We’ll always share the same birthday, right?
Yes, Little Mae. Always.
This exchange of words happens every so often but increases in frequency and intensity as the month of June approaches. While I try to forget that another number will be added to my age, my youngest child hurries the days along, eagerly anticipating adding to hers.
My eighth, and final, child was born on my birthday. She is eager to share that information with anyone who cares to know. She adds, I was my mom’s BEST birthday gift, to her version. I often add, I don’t even get my own birthday, to mine. I share that part out of earshot, mostly. She really is a sweet gift.
I tried to birth her two days before my birthday. I actually thought she was coming then. Please let her be born while I am still 36! Numbers and I have this crazy relationship, whether they appear on a scale or a calendar.
I labored and stalled and spent the night in the hospital where she would be born, an hour away from home. When it was clear that things were not moving along and that even drugs were not helping, there were choices to make. Since her due date had not yet arrived, I chose to go home and wait it out, albeit tearfully and reluctantly.
I sent my husband ahead with our hospital things, while following at a distance, calling it my walk of shame. No expectant mother wants to be sent home from the hospital without a babe in arms, belly still uncomfortably crammed full of life.
“False alarm, Sweetie?” The nurse on the elevator commented. If only she knew. I knew enough about myself to keep my mouth shut and half nod as tears welled up in my eyes.

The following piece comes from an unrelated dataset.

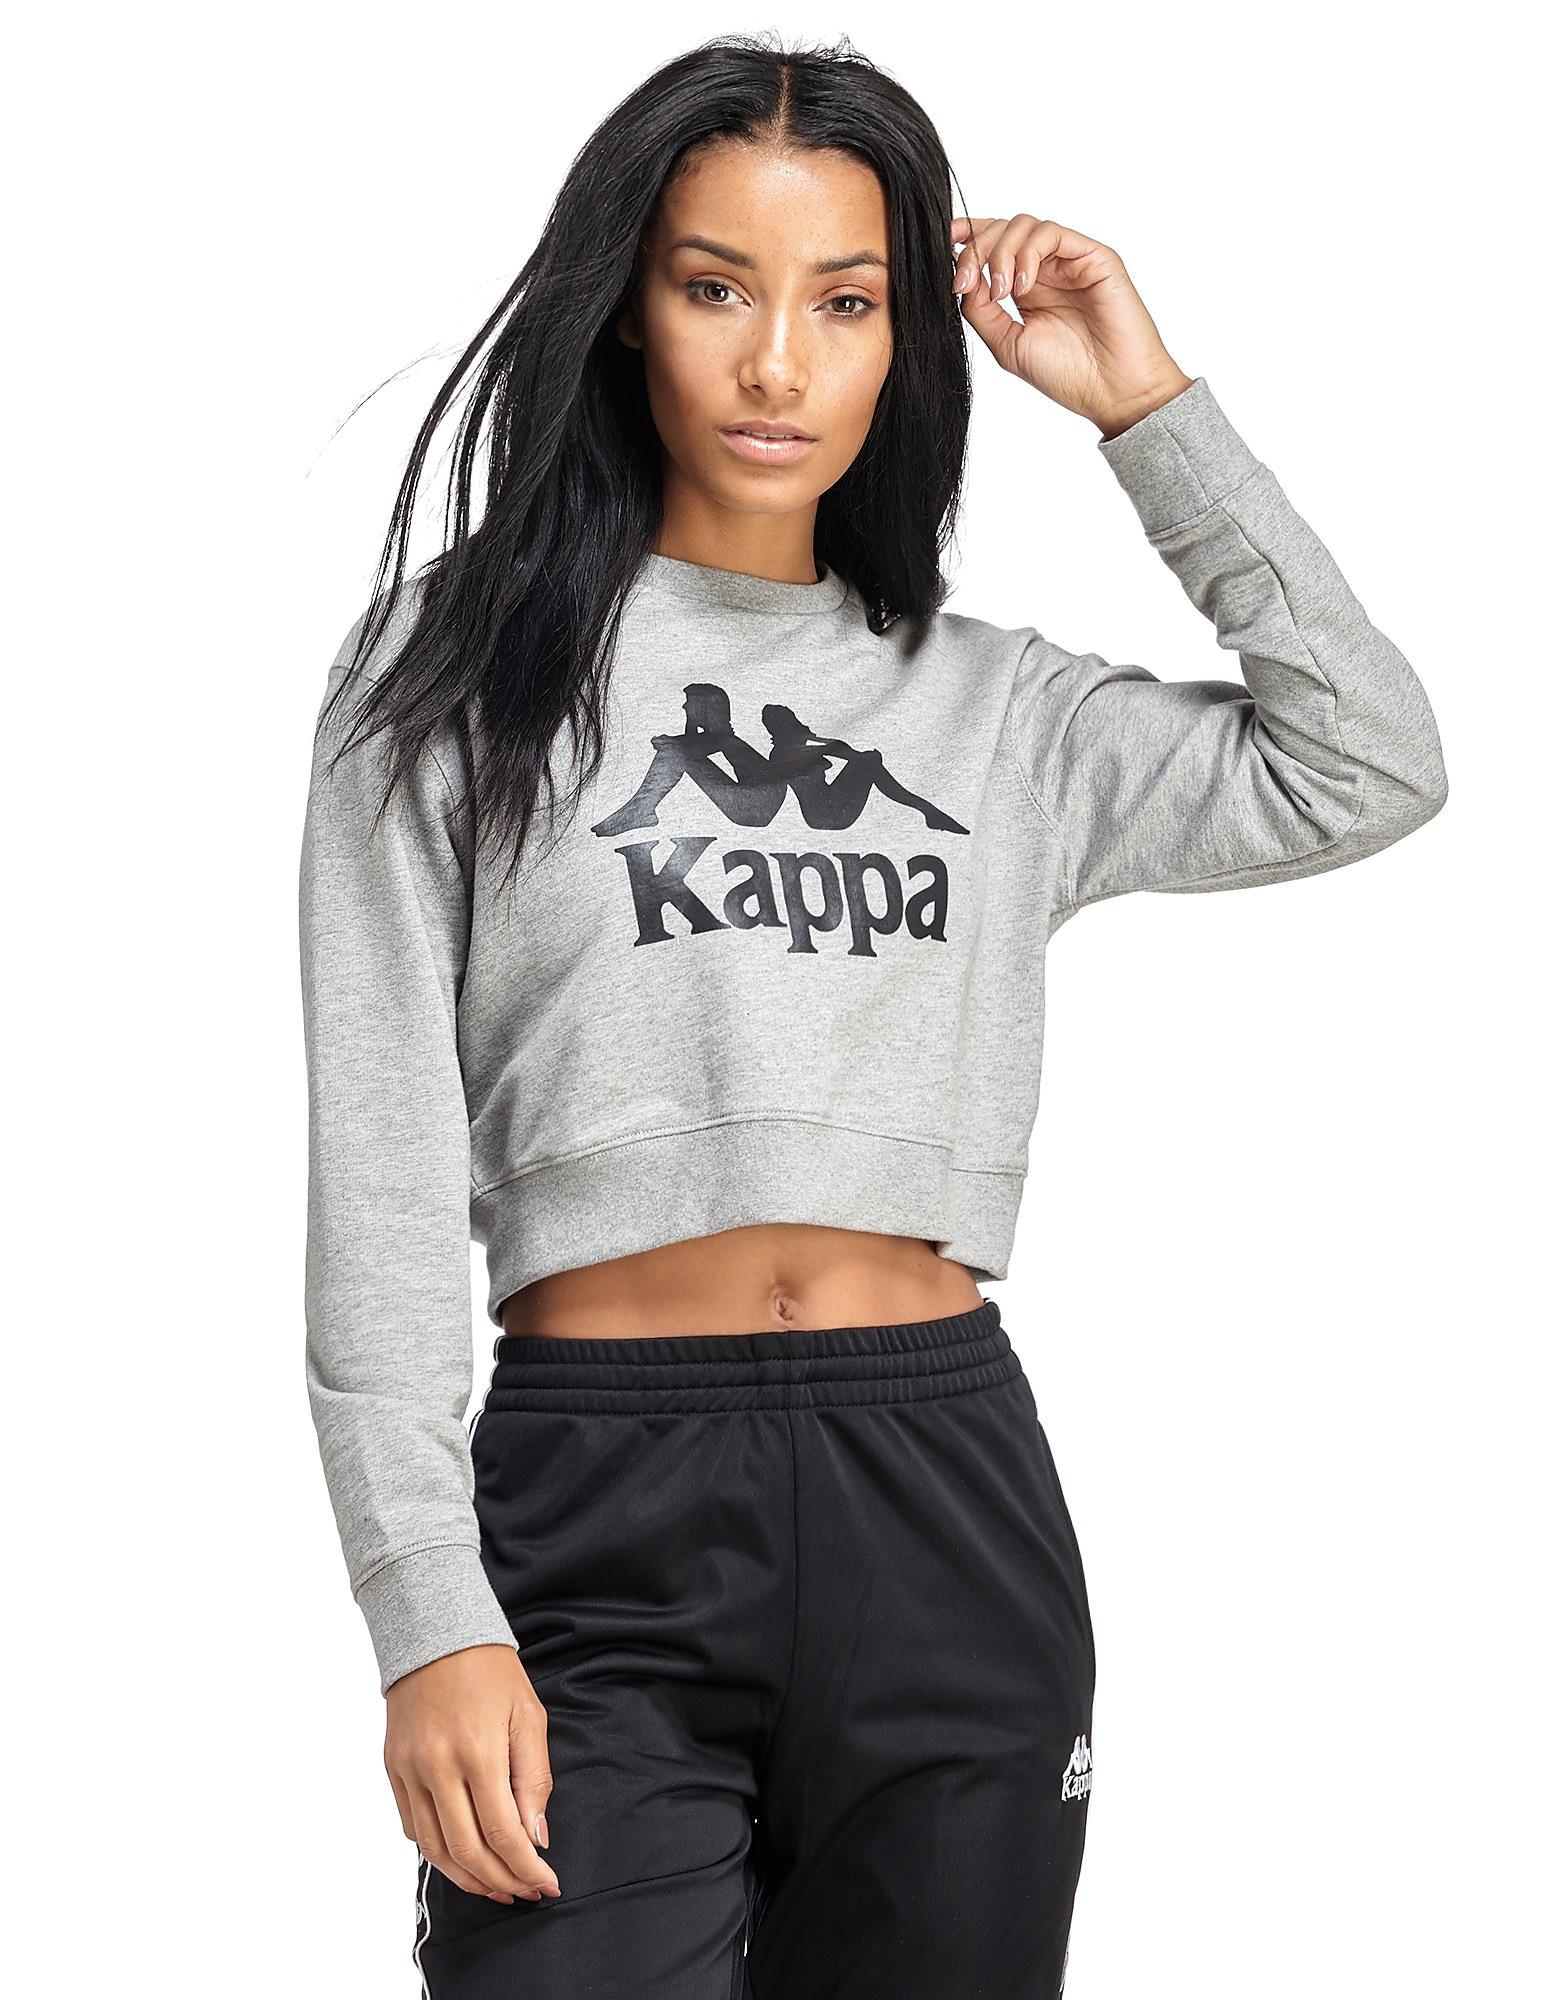 Kappa Authentic Crop Crew Sweatshirt

This is the story I often share with younger moms struggling through similar circumstances as their due date approaches.
I was sent home from the hospital after a night of stalled labor, with my eighth child still unborn! Babies have their own timeline. They come when they are ready.
The ride home found me tearfully angry that this baby was NEVER coming, yet grateful that she was still alive. Months earlier, her cousin who should have been born only a day or two before her, who should have been a newborn that very day, was born too soon, too small, too quiet. His mommy went home with empty arms and empty belly.
We miss him always.
When real labor grabbed me the following night, I knew this was it, and that no matter what, a baby was exiting my body somehow. The ride to the hospital was intense, the birth was intense, and the feelings were intense as the early morning hours of my birthday, June 7, became our birthday.
It took me awhile to receive this as the gift that it was and is. For a long time, sharing a birthday with my youngest was another thing in the list of confirmations that it was okay to be finished childbearing. Some of you will read that sentence and scratch your head in puzzlement. Others will totally get it .
We are all profoundly wounded souls.
Lately, my perspective has changed. I have come to see how having a little girl exactly my age at any given point in time in my life is a unique blessing. It really is a gift. In my mind, looking back at my stories, I feel so big. In them I am so old.
I wasn’t. I was small and young. Just like she is small and young. Second grade was seven, turning eight at the end. It was friendships and thoughtless comments and plenty of sass. It was reading and drawing and playing dolls. It was good grades without trying, and old-fashioned day complete with a bonnet, and wanting to be a teacher when I grew up.
Looking at my eighth child and her role in my and our family’s story, I feel grateful for the gift of her. We are different in that I am the oldest of seven children, and she is the youngest of eight. We are similar in that June 7 is our special day, and that she will walk behind me by exactly 37 years.
Some gifts need time to grow on you. Mine will always grow with me.
Julie McClay lives in Virginia’s beautiful Shenandoah Valley with her high school sweetheart (and husband of 24 years) and 5 of their 8 children. She is learning that while it can be painful to face the past honestly while living in the moment and looking towards the future, it can be healing and lead to the hope of a brighter future. She digs through these thoughts and feelings here.
37….so young still 😉 when you had sweet Mae. I love this story Julie, and I so get the significance of having her there to remind you exactly what your smaller self looked like and felt each year as your birthday arrives. God’s gifts are so wild, so often.
Thank you for perspective and truth. I love having someone who also gets it. Thank you for helping me to find words for my big story and for pointing me to the wild gifts rather than the heavy burdens. I am blessed!
Babies come on their own time…
As a midwife I often say just that. I remember as a labor nurse I thought I knew it all. I told them I was in labor and it stopped. When I went to work the next morning “my door” was all decorated. Sigh.
I love how you are settling into this gift little by little. And how powerfully it allows you to revisit and honor your little self in all her beauty and pain. It matters.
Thank you for the reminder that it matters. I am learning slowly. So much. I appreciate your kind words. Blessings to you as you help those babies earthside.